Prerequisite: run text.R to get the count data and the model fitted with fastTopics for comparison:

Rscript docs/articles/static/example-text/text.R

To run the code from this article as a Python script:

python3 examples/text.py

We show a minimal example of text data topic modeling using tinytopics. The NIPS dataset contains a count matrix for 2483 research papers on 14036 terms. More details about the dataset can be found in this GitHub repo.

Import tinytopics

from safetensors.numpy import load_file as load_safetensors_numpy
from safetensors.torch import load_file as load_safetensors_torch

import tinytopics as tt

Read count data

def read_safetensors_numpy(file_path):
    tensors = load_safetensors_numpy(file_path)
    first_key = next(iter(tensors))
    return tensors[first_key]

def read_safetensors_torch(file_path):
    tensors = load_safetensors_torch(file_path)
    first_key = next(iter(tensors))
    return tensors[first_key]
X = read_safetensors_torch("counts.safetensors")

with open("terms.txt") as file:
    terms = [line.strip() for line in file]

Fit topic model

tt.set_random_seed(42)

k = 10
model, losses = tt.fit_model(X, k)
tt.plot_loss(losses, output_file="loss.png")

Post-process results

We first load the L and F matrices fitted by fastTopics and then compare them with the tinytopics model.
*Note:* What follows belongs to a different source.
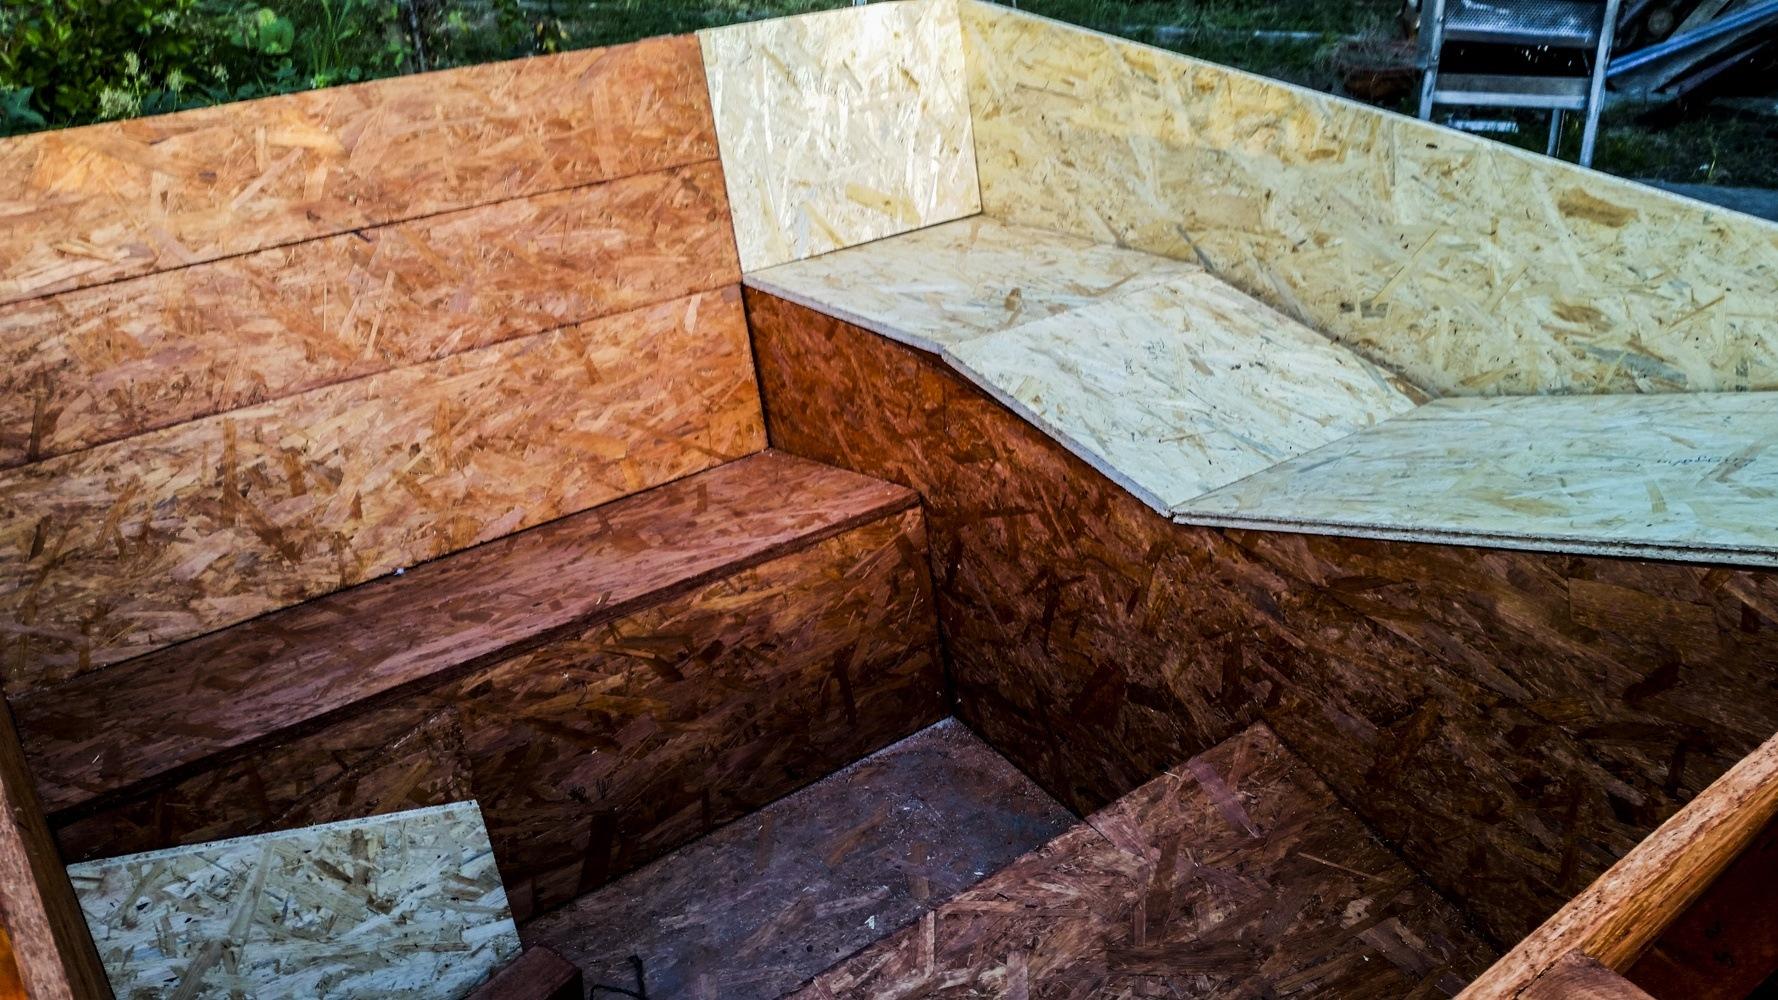 Whirlpool Im Garten Selber Bauen: Zuhause

For easier visual comparison, we will try to “align” the topics fitted by tinytopics with those from fastTopics, and sort documents grouped by dominant topics.
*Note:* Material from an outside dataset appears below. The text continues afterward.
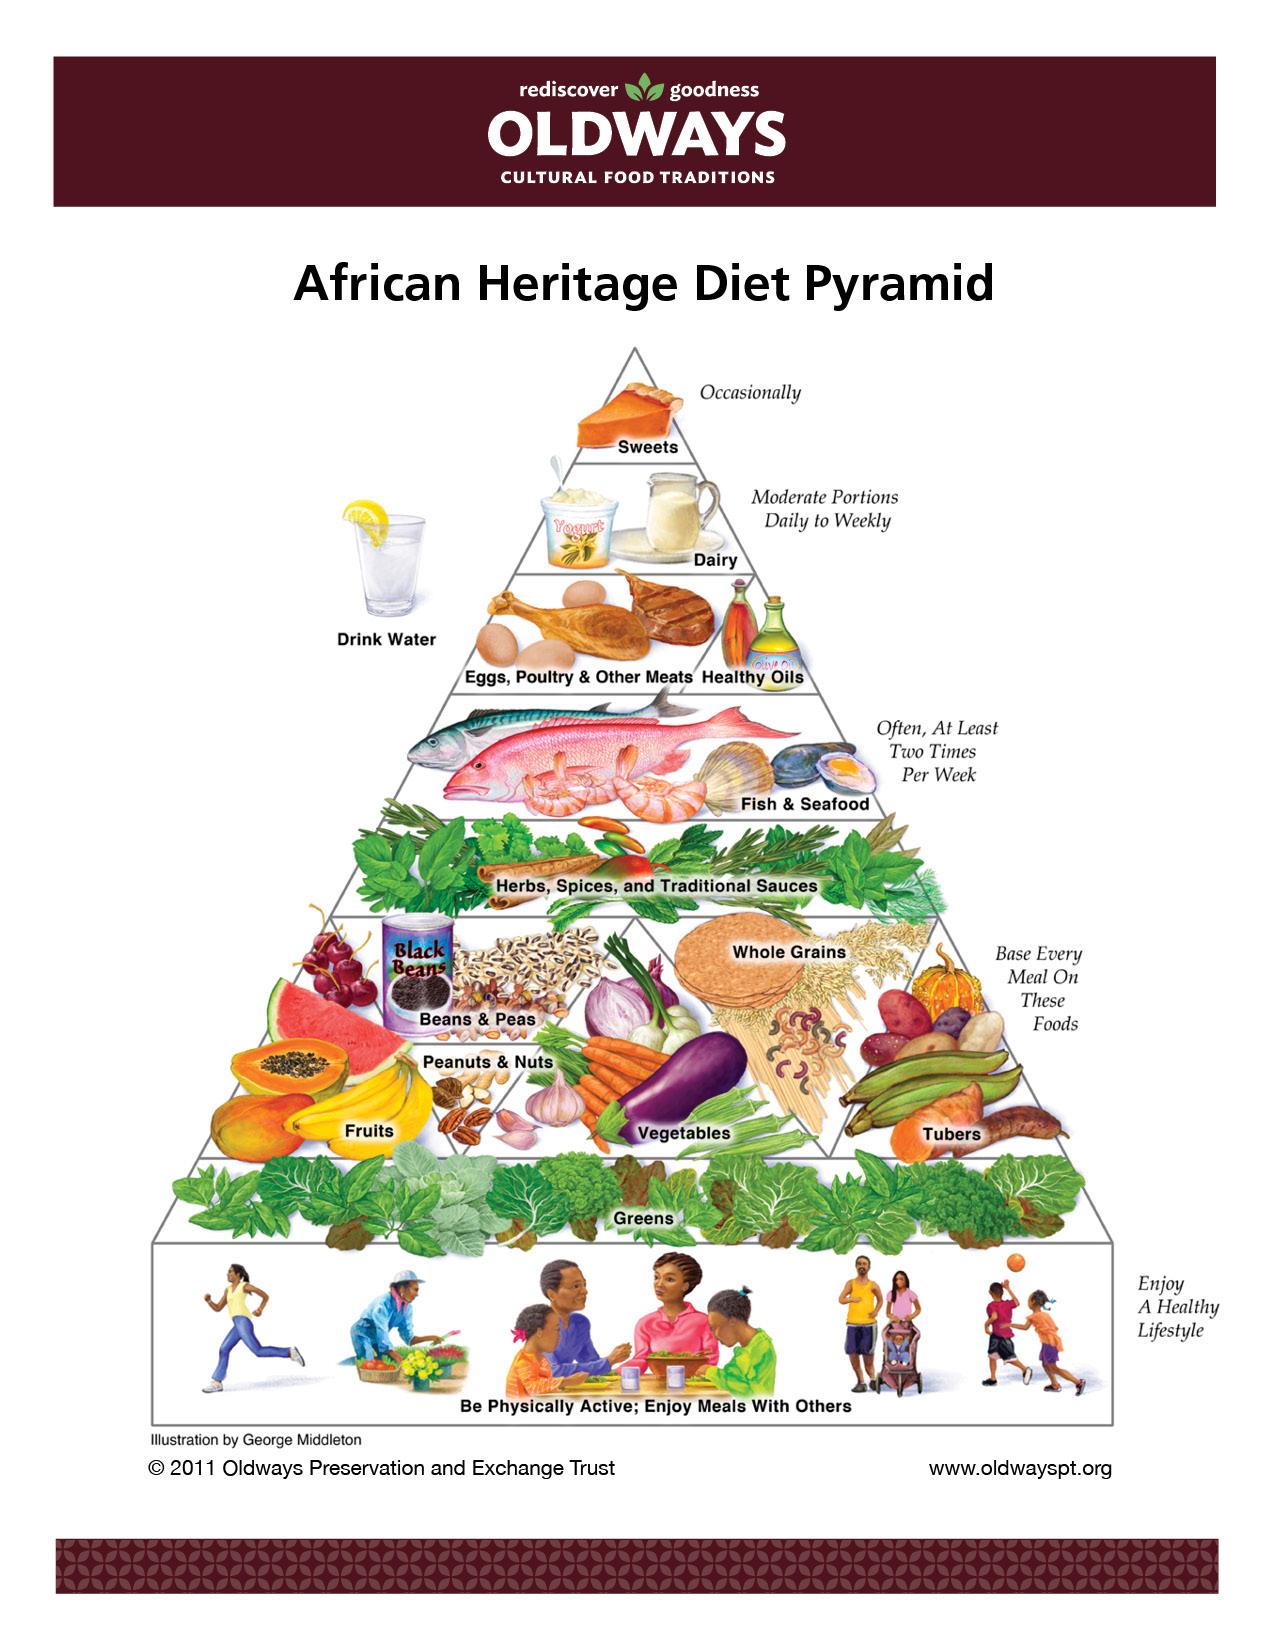 Африканская диета способствует восстановлению микрофлоры

L_tt = model.get_normalized_L().numpy()
F_tt = model.get_normalized_F().numpy()

L_ft = read_safetensors_numpy("L_fastTopics.safetensors")
F_ft = read_safetensors_numpy("F_fastTopics.safetensors")
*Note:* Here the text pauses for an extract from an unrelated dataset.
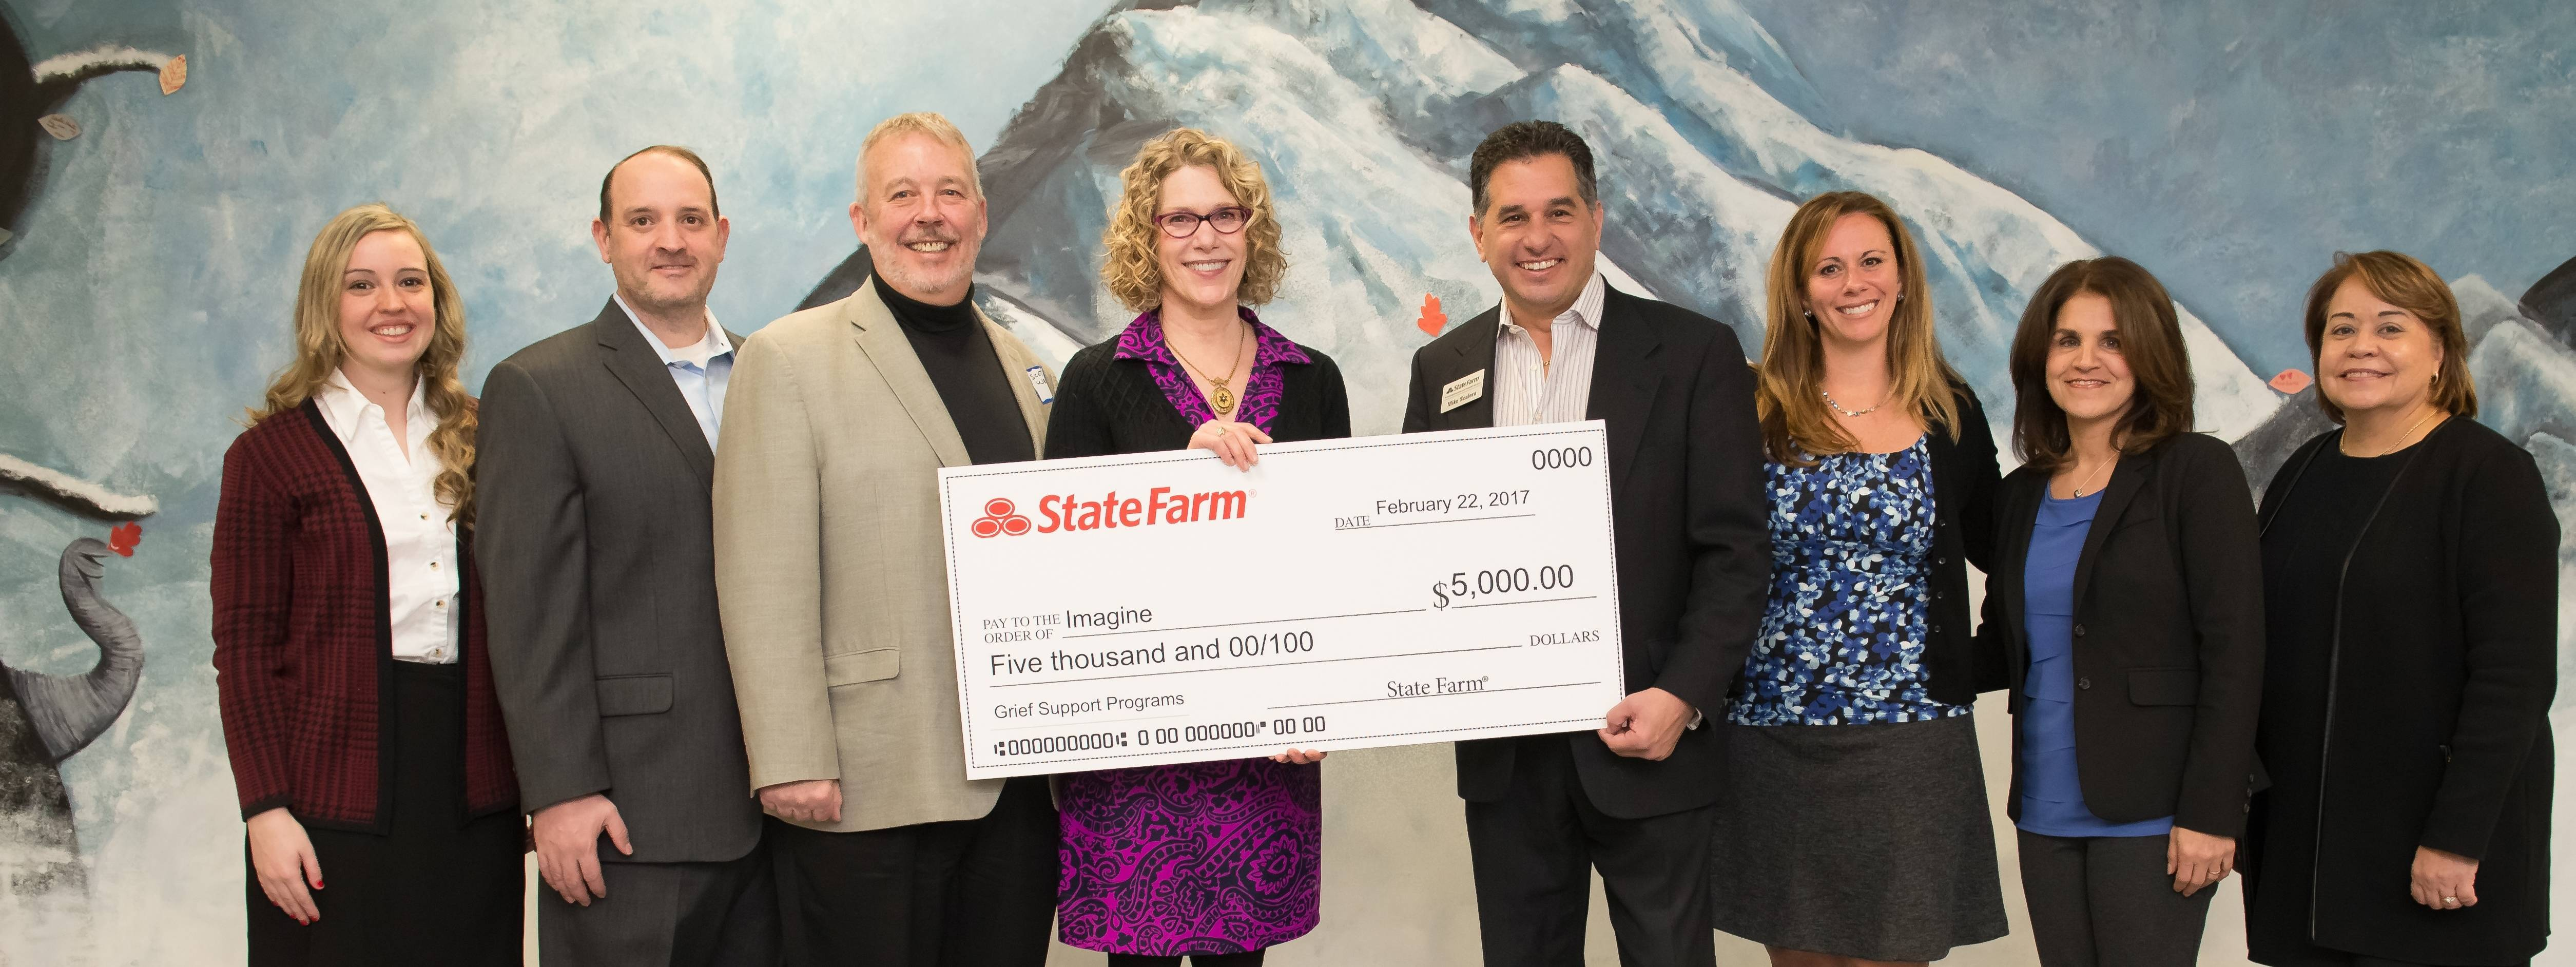 45e95901d7bc58b0b15a_State_Farm_Grant_Award_2017__2_.jpg

aligned_indices = tt.align_topics(F_ft, F_tt)
F_aligned_tt = F_tt[aligned_indices]
L_aligned_tt = L_tt[:, aligned_indices]

sorted_indices_ft = tt.sort_documents(L_ft)
L_sorted_ft = L_ft[sorted_indices_ft]
sorted_indices_tt = tt.sort_documents(L_aligned_tt)
L_sorted_tt = L_aligned_tt[sorted_indices_tt]

Visualize results

Use Structure plot to check the document-topic distributions:

tt.plot_structure(
    L_sorted_ft,
    title="fastTopics document-topic distributions (sorted)",
    output_file="L-fastTopics.png",
)

tt.plot_structure(
    L_sorted_tt,
    title="tinytopics document-topic distributions (sorted and aligned)",
    output_file="L-tinytopics.png",
)

Plot the probability of top 15 terms in each topic from both models to inspect their concordance:

tt.plot_top_terms(
    F_ft,
    n_top_terms=15,
    term_names = terms,
    title="fastTopics top terms per topic",
    output_file="F-top-terms-fastTopics.png",
)

tt.plot_top_terms(
    F_aligned_tt,
    n_top_terms=15,
    term_names = terms,
    title="tinytopics top terms per topic (aligned)",
    output_file="F-top-terms-tinytopics.png",
)